Enable SVE Support for L2 Metric Computation in FP32 #969

adarshs1310 · 2024-11-29T10:34:36Z

Description:
This PR introduces SVE (Scalable Vector Extension) enablement for L2 metric computation in FP32. The changes enhance performance for most indexing methods compared to NEON, with observed speed-ups across multiple algorithms.

Changes in This PR:

Added SVE optimizations for L2 metric computation in FP32.
Updated CMakeLists.txt to include support for -march=armv8-a+sve.
Refactored compute kernels to leverage SVE intrinsics.

Benchmark Results:

Performance benchmarks(32 vcpus) were conducted using both NEON and SVE on ARM architecture. Below are the results showcasing execution times (in seconds):

Key observations:

All of the algorithms exhibit performance gains with SVE when compared with NEON.

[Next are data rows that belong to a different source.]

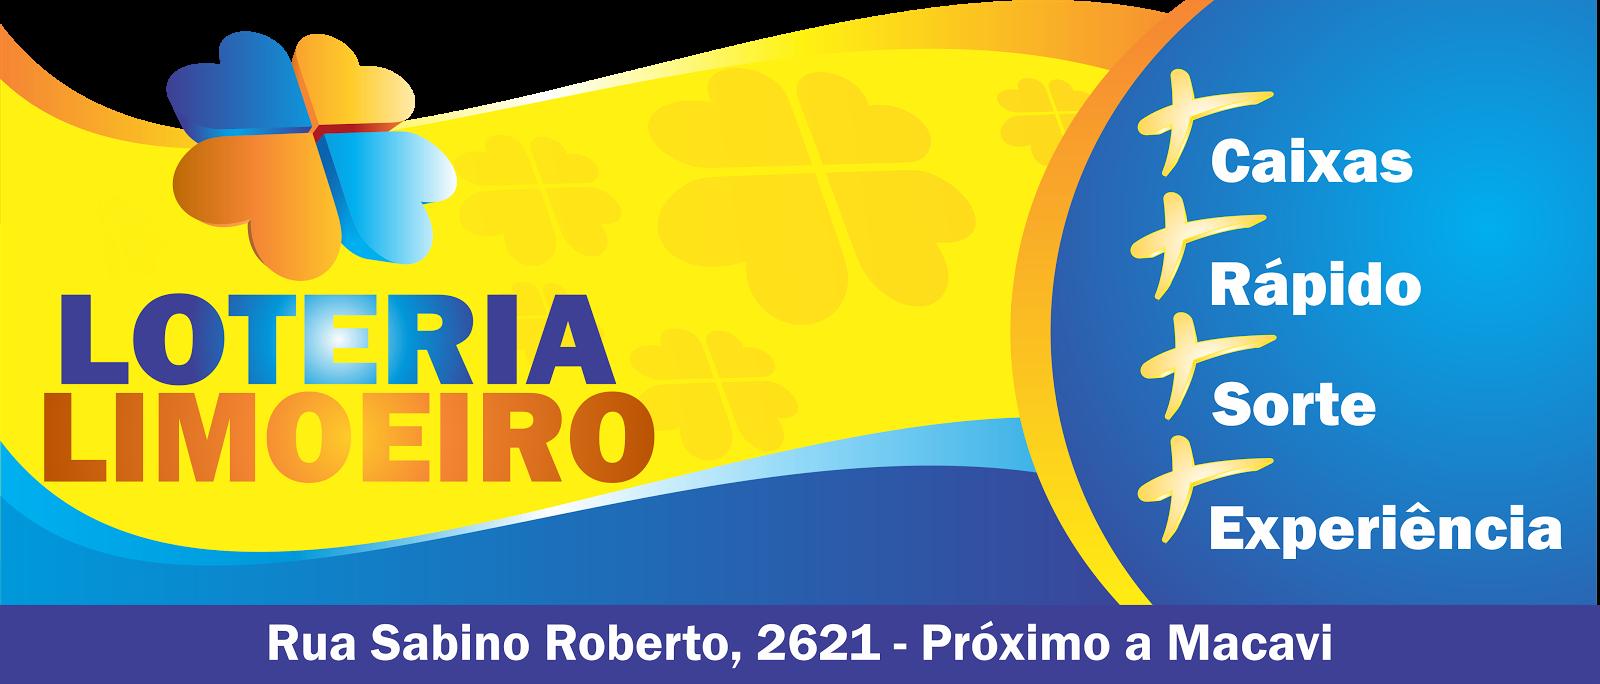 LOTERIA LIMOEIRO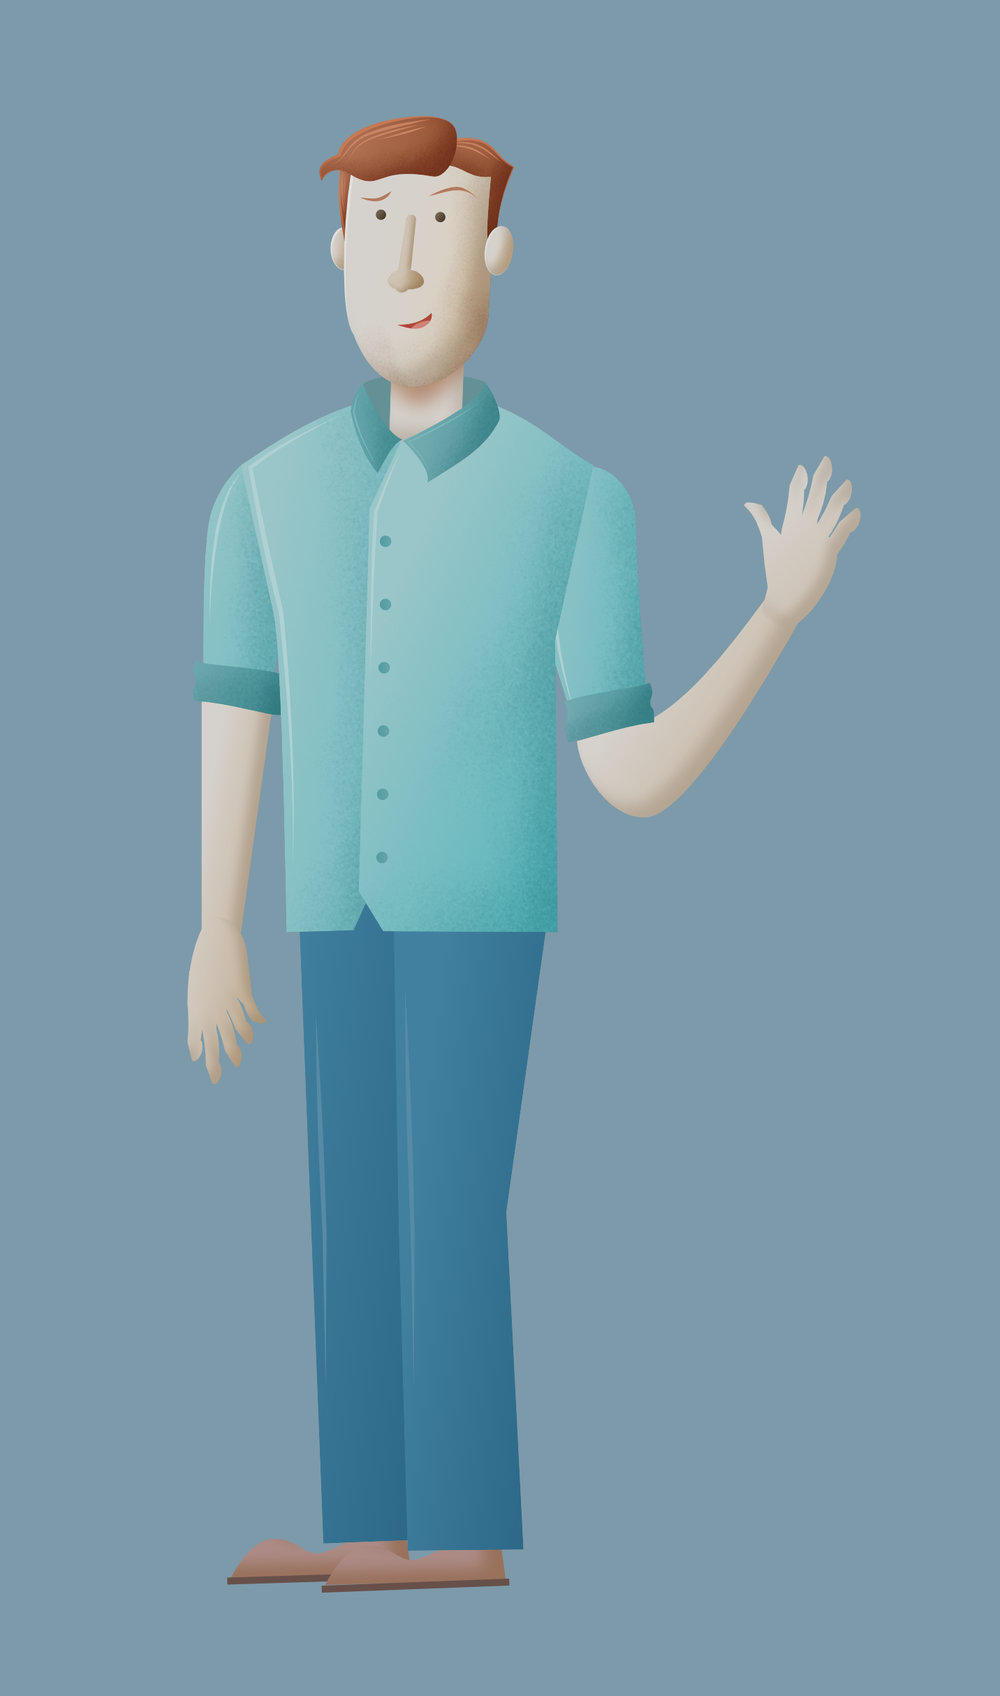 character design_ginger man akward no beard.jpg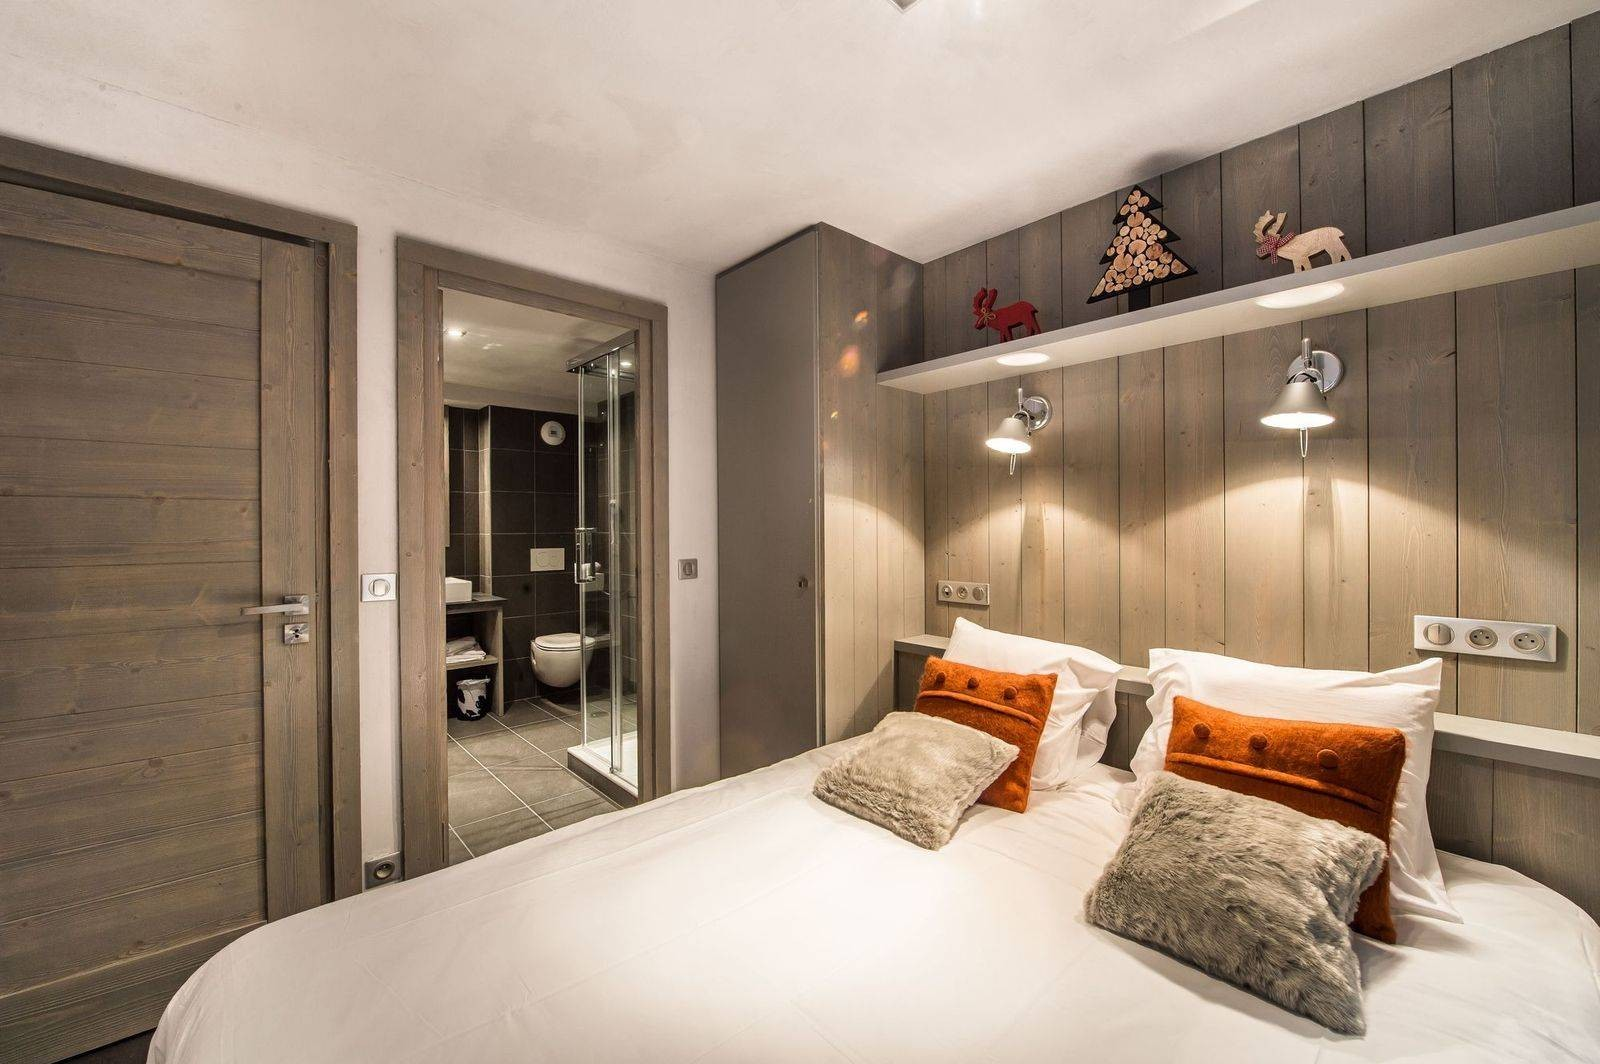 Courchevel 1650 Location Appartement Luxe Dalersi Chambre 2

Note: SVE support has been made optional, as not all functions have been fully enabled yet. To utilize SVE, please compile with -march=armv8-a+sve.

/kind feature
Fixes #782

sre-ci-robot · 2024-11-29T10:34:40Z

[APPROVALNOTIFIER] This PR is NOT APPROVED

This pull-request has been approved by: adarshs1310
To complete the pull request process, please assign zhengbuqian after the PR has been reviewed.
You can assign the PR to them by writing /assign @zhengbuqian in a comment when ready.

The full list of commands accepted by this bot can be found here.

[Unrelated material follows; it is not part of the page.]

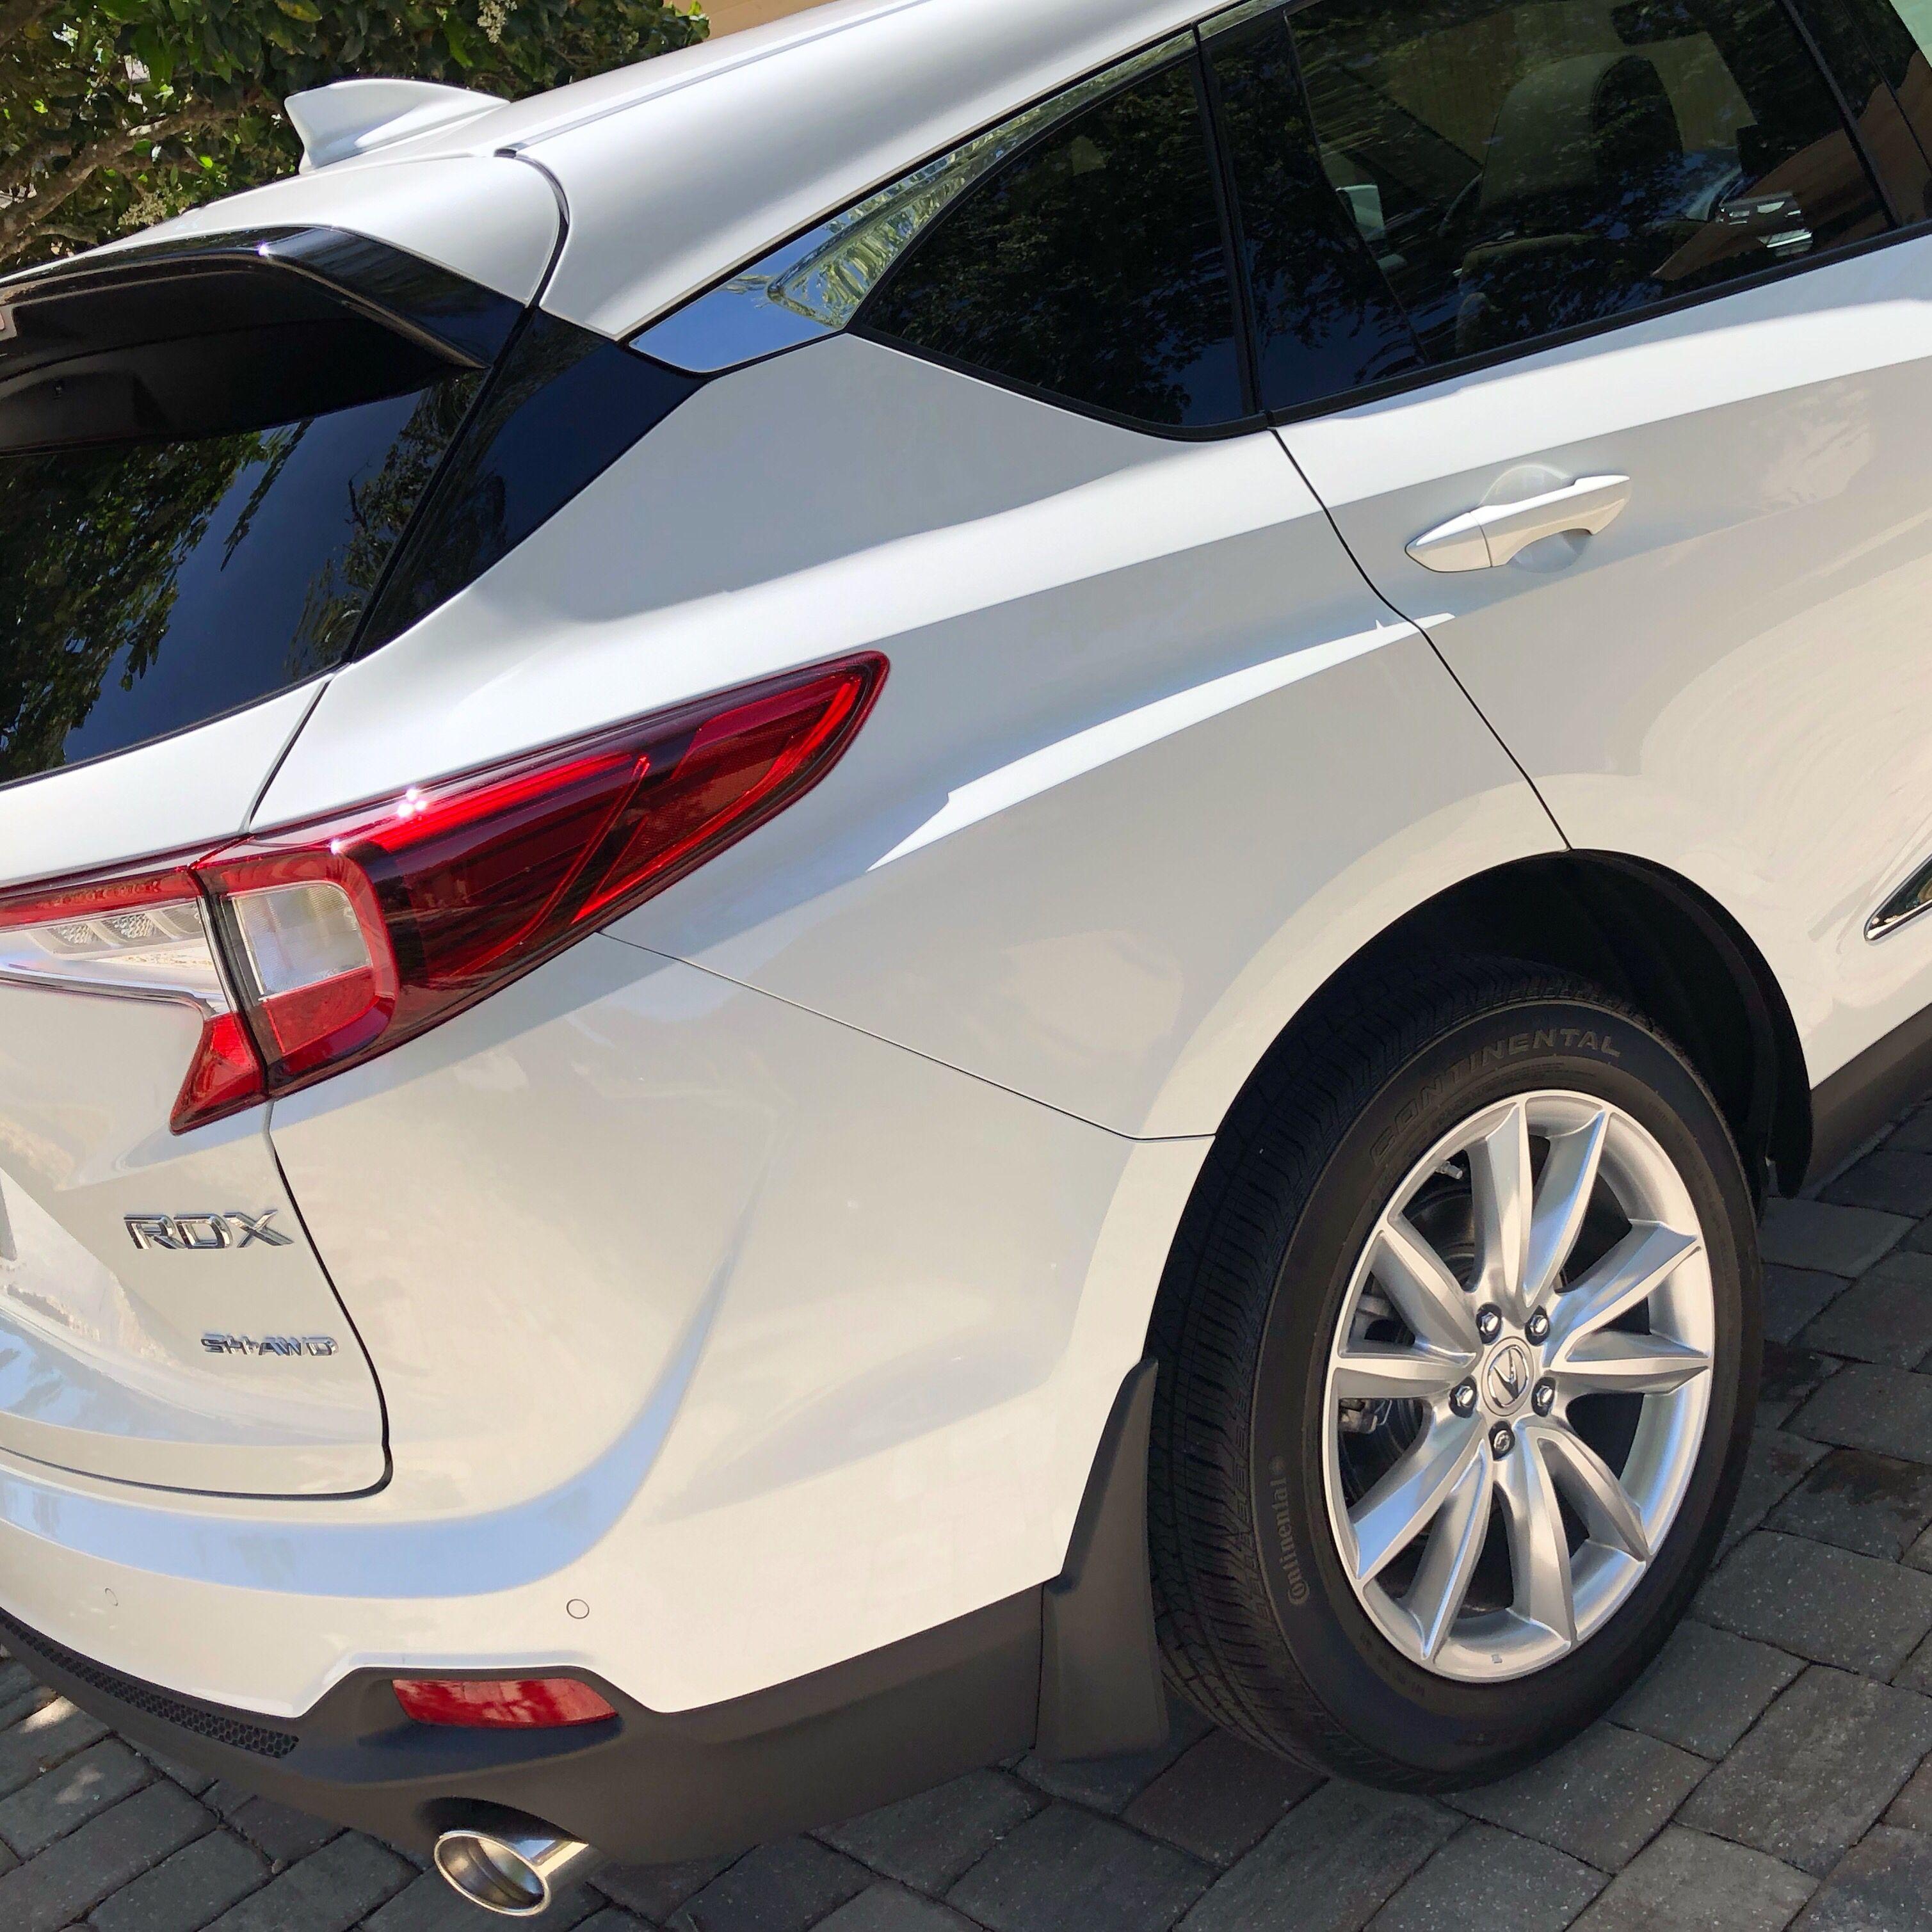 #Acura #RDX @WashNinja Premium #GreenFriendly Luxury

Needs approval from an approver in each of these files:

OWNERS

Approvers can indicate their approval by writing /approve in a comment
Approvers can cancel approval by writing /approve cancel in a comment

sre-ci-robot · 2024-11-29T10:34:46Z

Welcome @adarshs1310! It looks like this is your first PR to zilliztech/knowhere 🎉

mergify · 2024-11-29T10:35:13Z

@adarshs1310 🔍 Important: PR Classification Needed!

For efficient project management and a seamless review process, it's essential to classify your PR correctly. Here's how:

If you're fixing a bug, label it as kind/bug.
For small tweaks (less than 20 lines without altering any functionality), please use kind/improvement.
Significant changes that don't modify existing functionalities should be tagged as kind/enhancement.
Adjusting APIs or changing functionality? Go with kind/feature.

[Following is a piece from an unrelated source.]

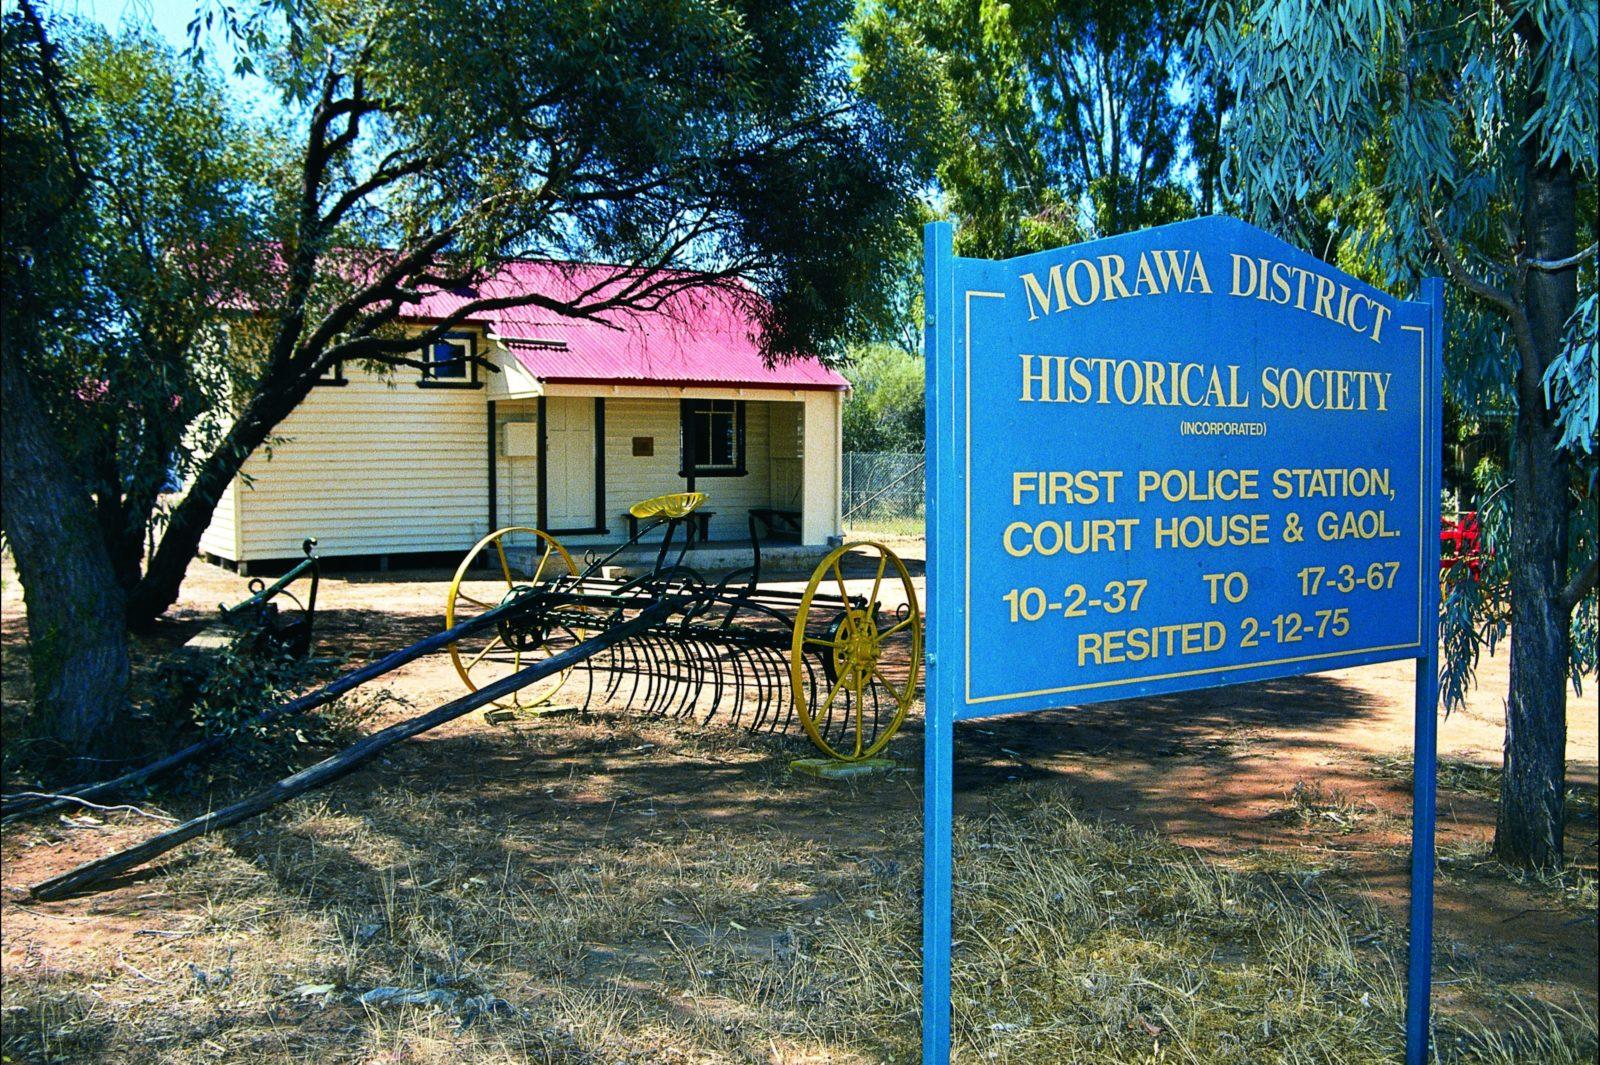 Morawa, Western Australia

For any PR outside the kind/improvement category, ensure you link to the associated issue using the format: “issue: #”.

Thanks for your efforts and contribution to the community!.

alexanderguzhva · 2024-11-29T22:00:37Z

src/simd/distances_sve.cc

+    svbool_t pg = svptrue_b32();
+
+    while (i < d) {
+        if (d - i < svcntw())


I believe that this if condition is not needed, just pg = svwhilelt_b32(i, d); should be sufficient

Thank you so much, @alexanderguzhva , for the valuable suggestions. During development, we considered this approach as well, and our reason for going with the current approach is as follows:

Using the if condition to update pg only in the last iteration avoids unnecessary updates and reduces the dependency chain introduced by the svwhilelt instruction. This optimization minimizes stalls caused by these dependencies, allowing the processor pipeline to operate more efficiently.

alexanderguzhva · 2024-11-29T22:09:07Z

cmake/libs/libfaiss.cmake

@@ -48,7 +48,7 @@ endif()

 if(__AARCH64)
  set(UTILS_SRC src/simd/hook.cc src/simd/distances_ref.cc
-                src/simd/distances_neon.cc)
+                src/simd/distances_neon.cc src/simd/distances_sve.cc)


I believe that this is not sufficient.
Knowhere is designed as a library that picks function pointers according to CPU capabilities, detected upon the start.
For example, SSE / AVX2 / AVX512 code files have different corresponding compile options

knowhere/cmake/libs/libfaiss.cmake

Lines 37 to 40 in 1cb9937

target_compile_options(utils_sse PRIVATE -msse4.2 -mpopcnt)

target_compile_options(utils_avx PRIVATE -mfma -mf16c -mavx2 -mpopcnt)

target_compile_options(utils_avx512 PRIVATE -mfma -mf16c -mavx512f -mavx512dq

-mavx512bw -mpopcnt -mavx512vl)

So, it seems to be logical that the new SVE code should also contain some form of different flags, such as -march=armv8-a+sve for distances_sve.cc. And I don't believe that I see this.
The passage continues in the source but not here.